Os ataques por fitonematoides estão entre os principais problemas fitossanitários do feijoeiro comum (Phaseolus vulgaris), com destaque para os nematoides de galhas (Meloidogyne spp.), possivelmente as pragas agrícolas de maior distribuição geográfica, e particularmente à espécie M. incognita, tida como um dos patógenos de maior prejuízo econômico. As alternativas de controle envolvem práticas inviáveis a campo, enfatizando a necessidade do desenvolvimento de cultivares resistentes/tolerantes. Para o feijoeiro a obtenção dessas cultivares é especialmente difícil, já que apesar da disponibilidade de técnicas genético-moleculares, pouco foi realizado visando contribuir para o entendimento dos mecanismos envolvidos na resposta da cultura aos nematoides de galhas.

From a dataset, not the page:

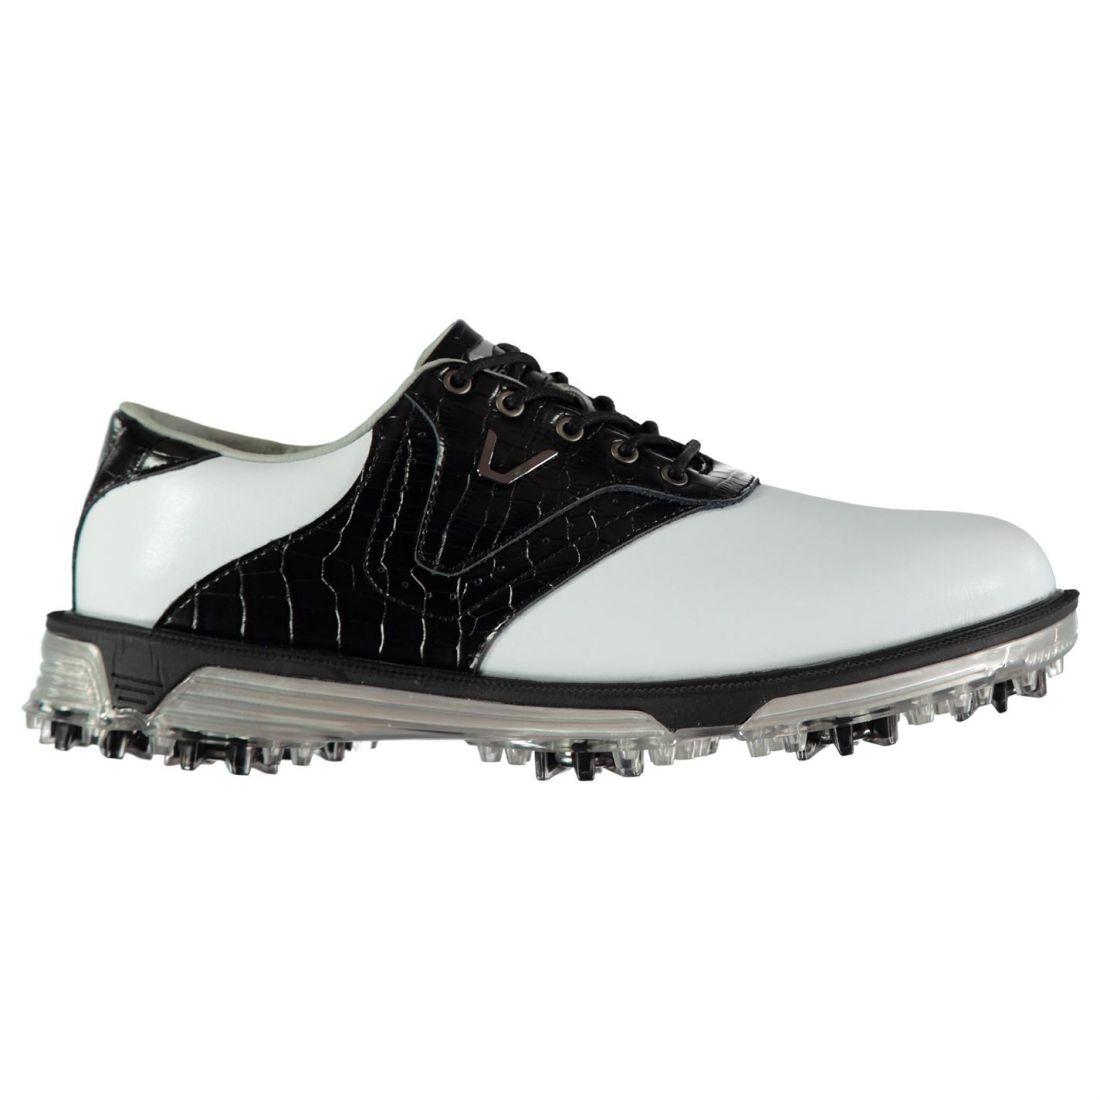 e20cd0a3d01 Slazenger V500 Golf Shoe Mens Gents Spiked Shoes Laces Fastened ...

Nesse contexto, o presente projeto tem como objetivo detectar, via mapeamento associativo, regiões genômicas associadas à resposta do feijoeiro a M. incognita, bem como identificar genes candidatos em bibliotecas de RNA-Seq (SANTINI, 2015) e via qRT-PCR. Para o mapeamento associativo, será utilizado um painel composto por 180 genótipos de uma core collection do BAG do IAC, previamente genotipados pela metodologia de GBS, que permitiu identificar 82.680 SNPs (DINIZ, 2016). Uma vez mapeadas as regiões genômicas associadas, serão utilizadas bibliotecas de RNA-Seq, obtidas aos quatro e 10 DAI (SANTINI et al., 2015), para verificar a expressão e selecionar genes candidatos. A expressão desses genes será confirmada, via qRT-PCR, em genótipos extremos do painel. Espera-se assim, apontar SNPs para a discriminação de genótipos relativamente à resposta a M. incognita, contribuindo para a seleção em programas de melhoramento, bem como identificar genes que possam ser validados em análises funcionais e eventualmente usados em ensaios de edição genômica.